**INSTRUCTIONS TO FOLLOW**
Exact copies of the lines below are the goal; any images in them are dropped.

**DATA PROVIDED**

*** Block opens ***

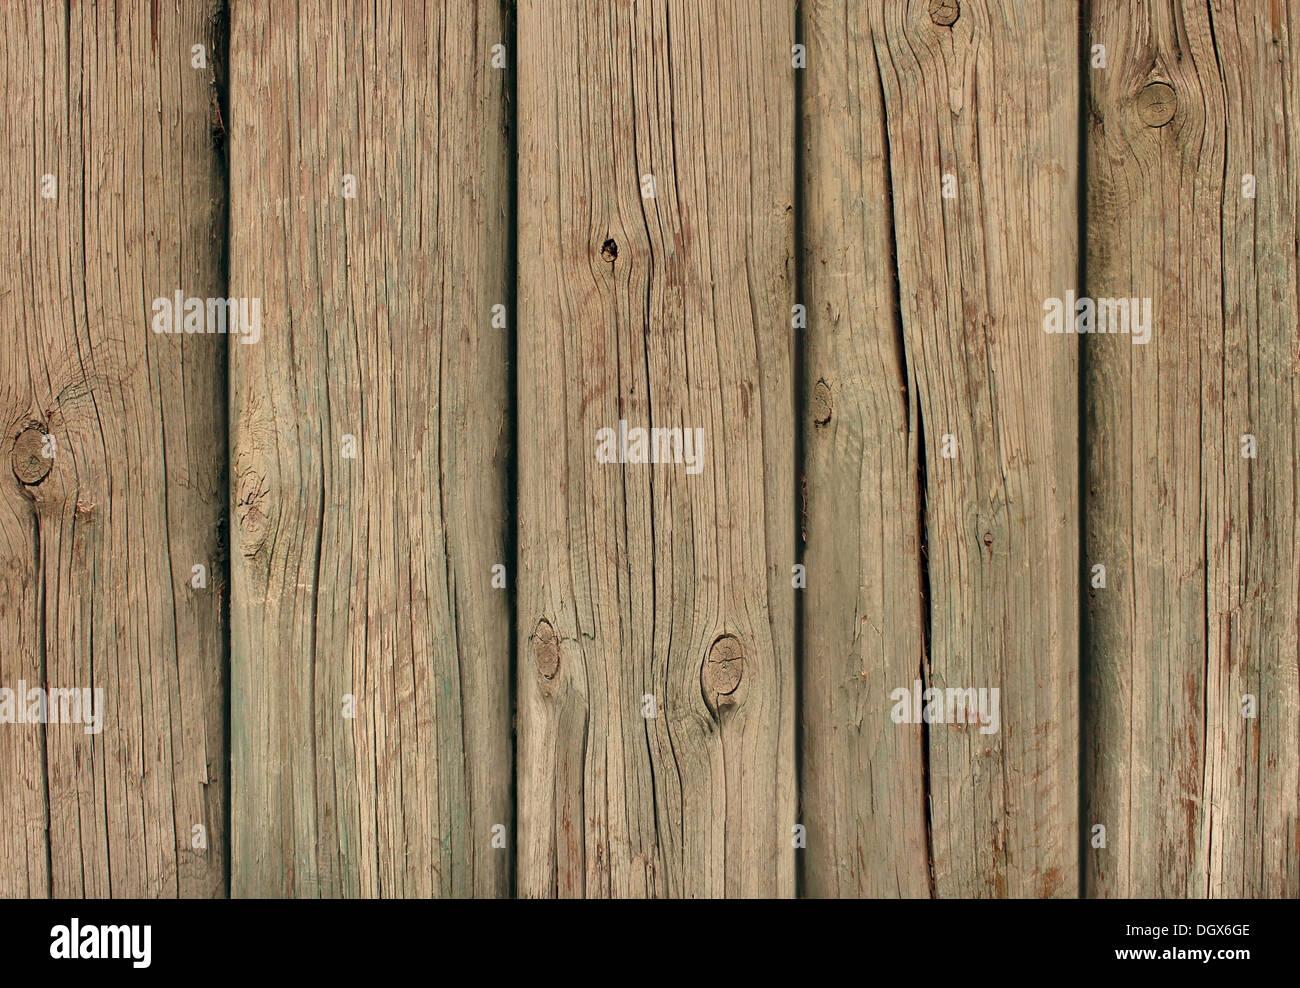 Alten verwitterten Holz Hintergrund mit dick geschnittene Baumstämme als Grunge verzweifelt antike Mauer der Dielen in einem vertikalen Muster Alter Stockbild
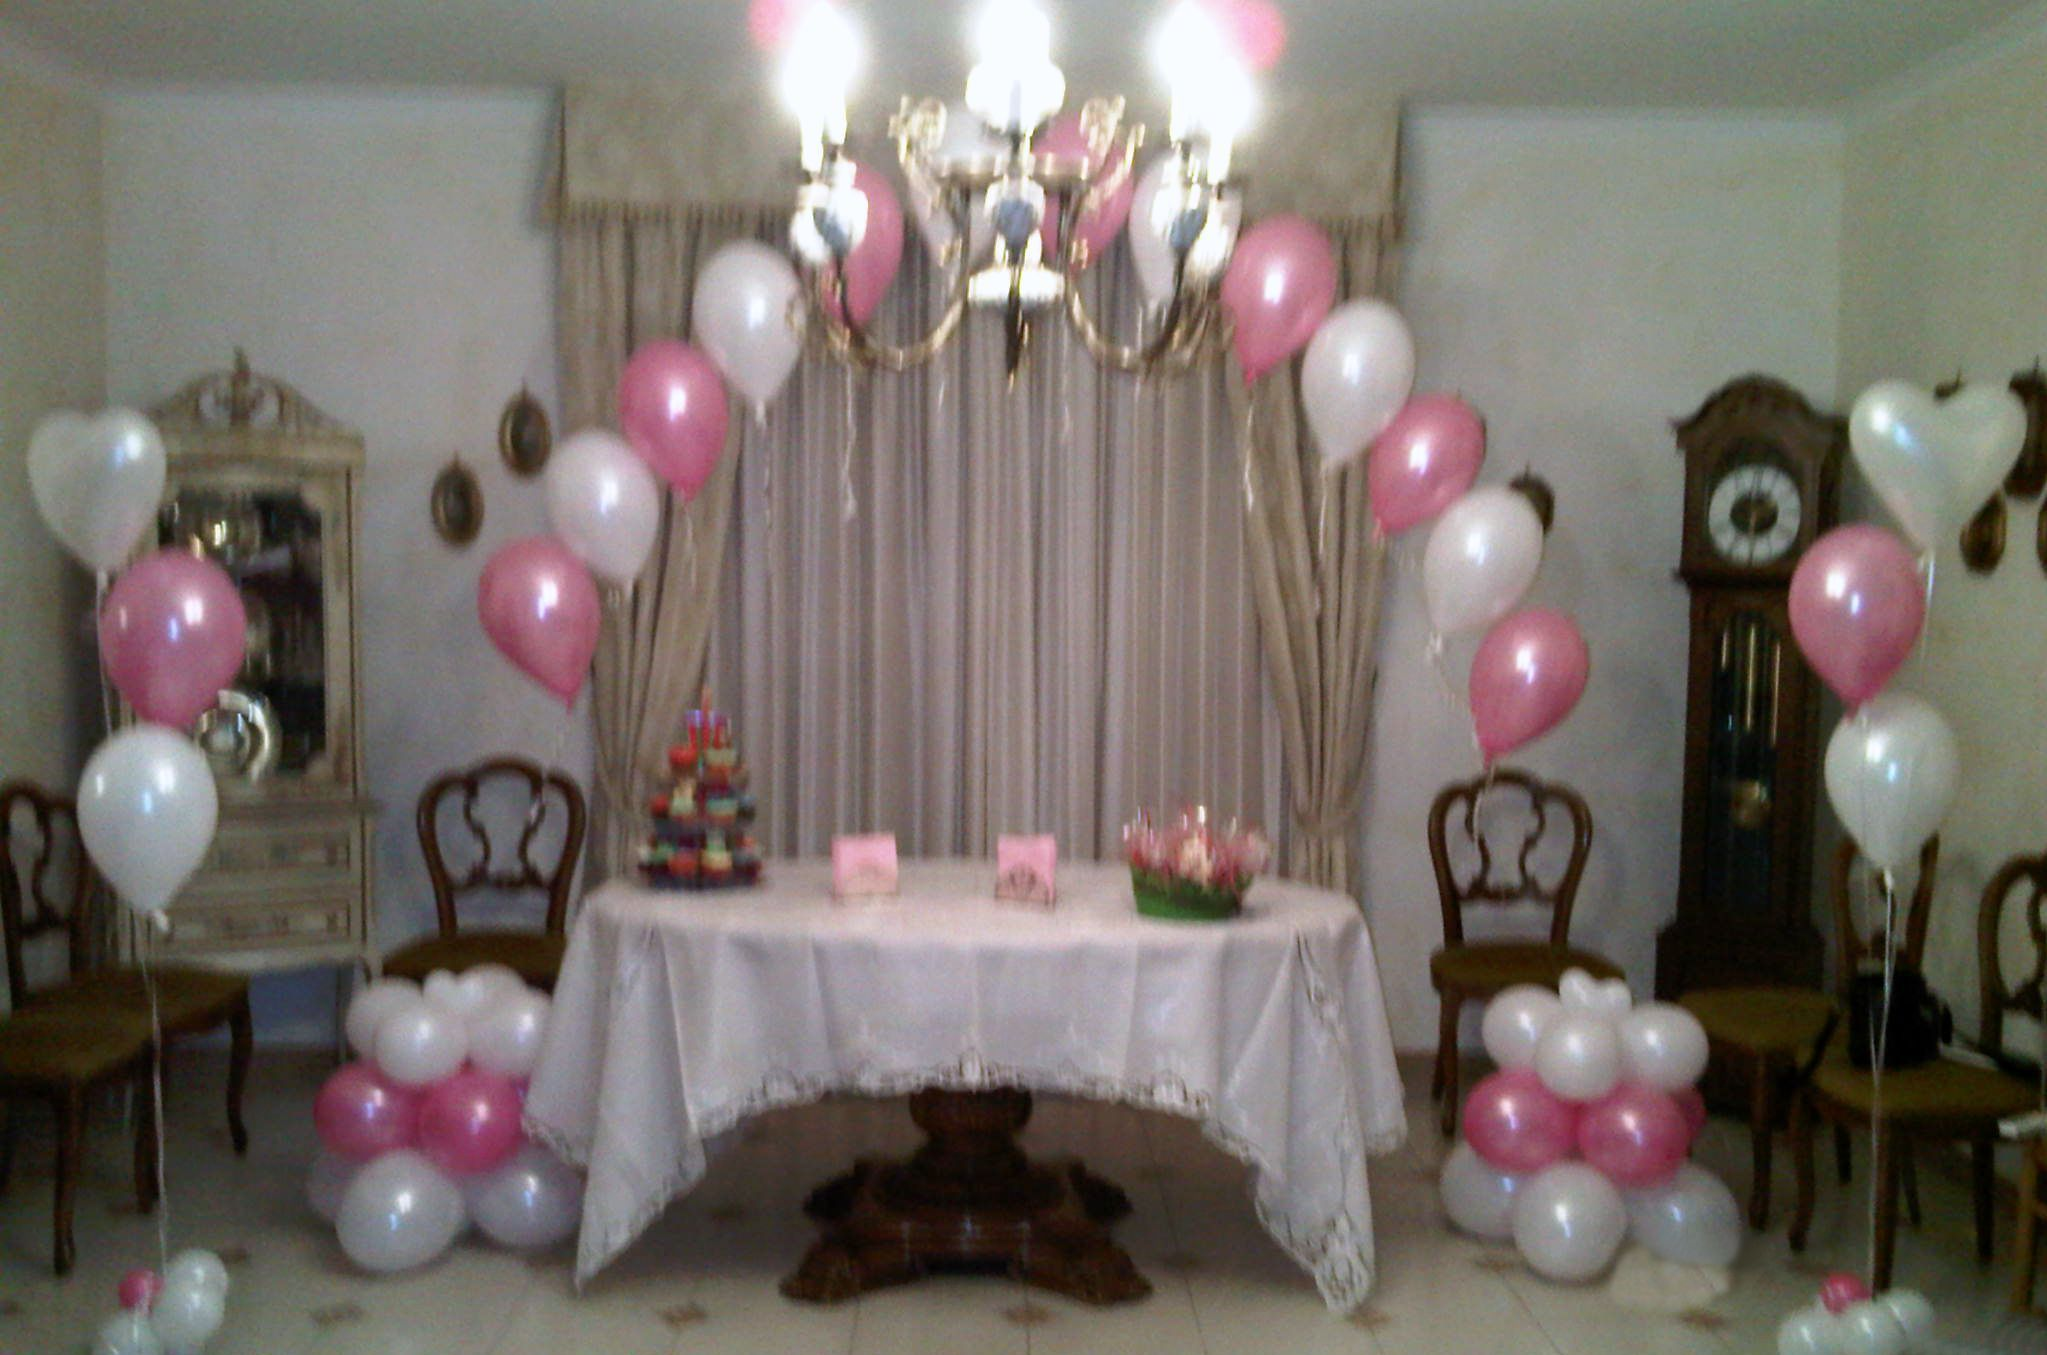 Decorazioni per comunioni rn15 regardsdefemmes for Decorazioni per torta 60 anni
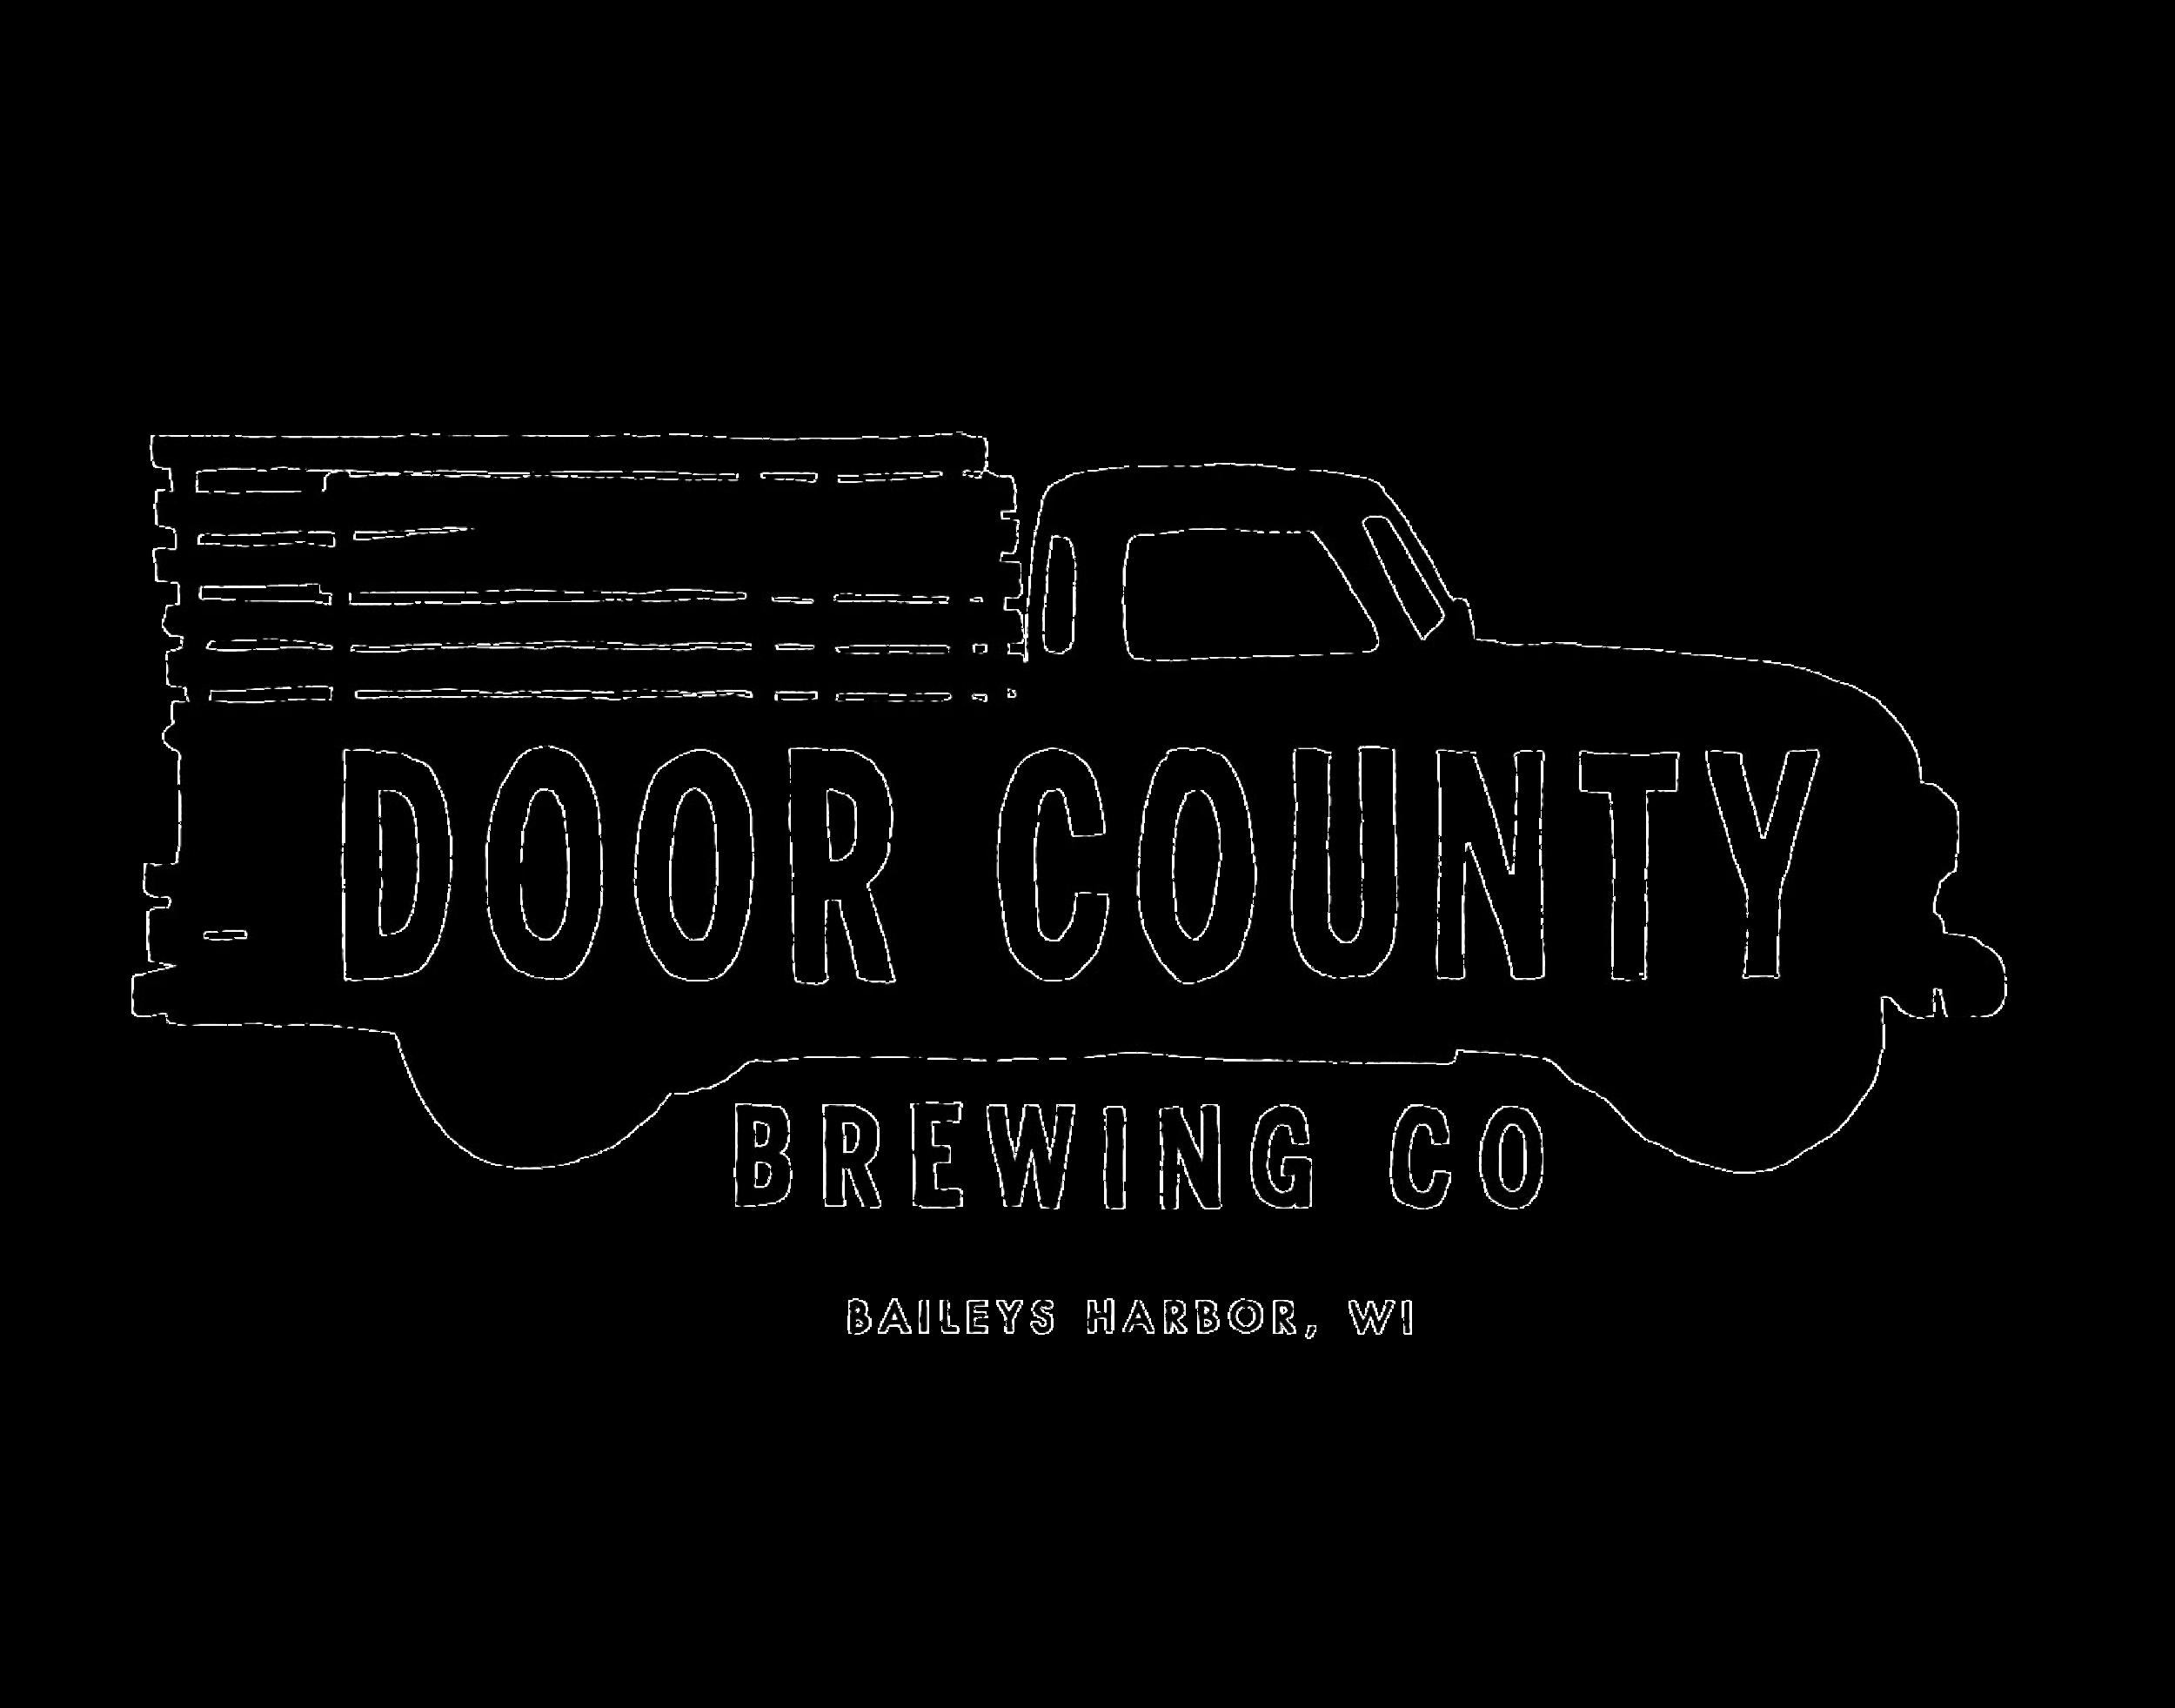 Door County logo. Links to Door County website.

*** Block closes ***

**ANSWER FOR THIS EXERCISE**
 Alten verwitterten Holz Hintergrund mit dick geschnittene Baumstämme als Grunge verzweifelt antike Mauer der Dielen in einem vertikalen Muster Alter Stockbild
 Decorazioni per comunioni rn15 regardsdefemmes for Decorazioni per torta 60 anni
 Door County logo. Links to Door County website.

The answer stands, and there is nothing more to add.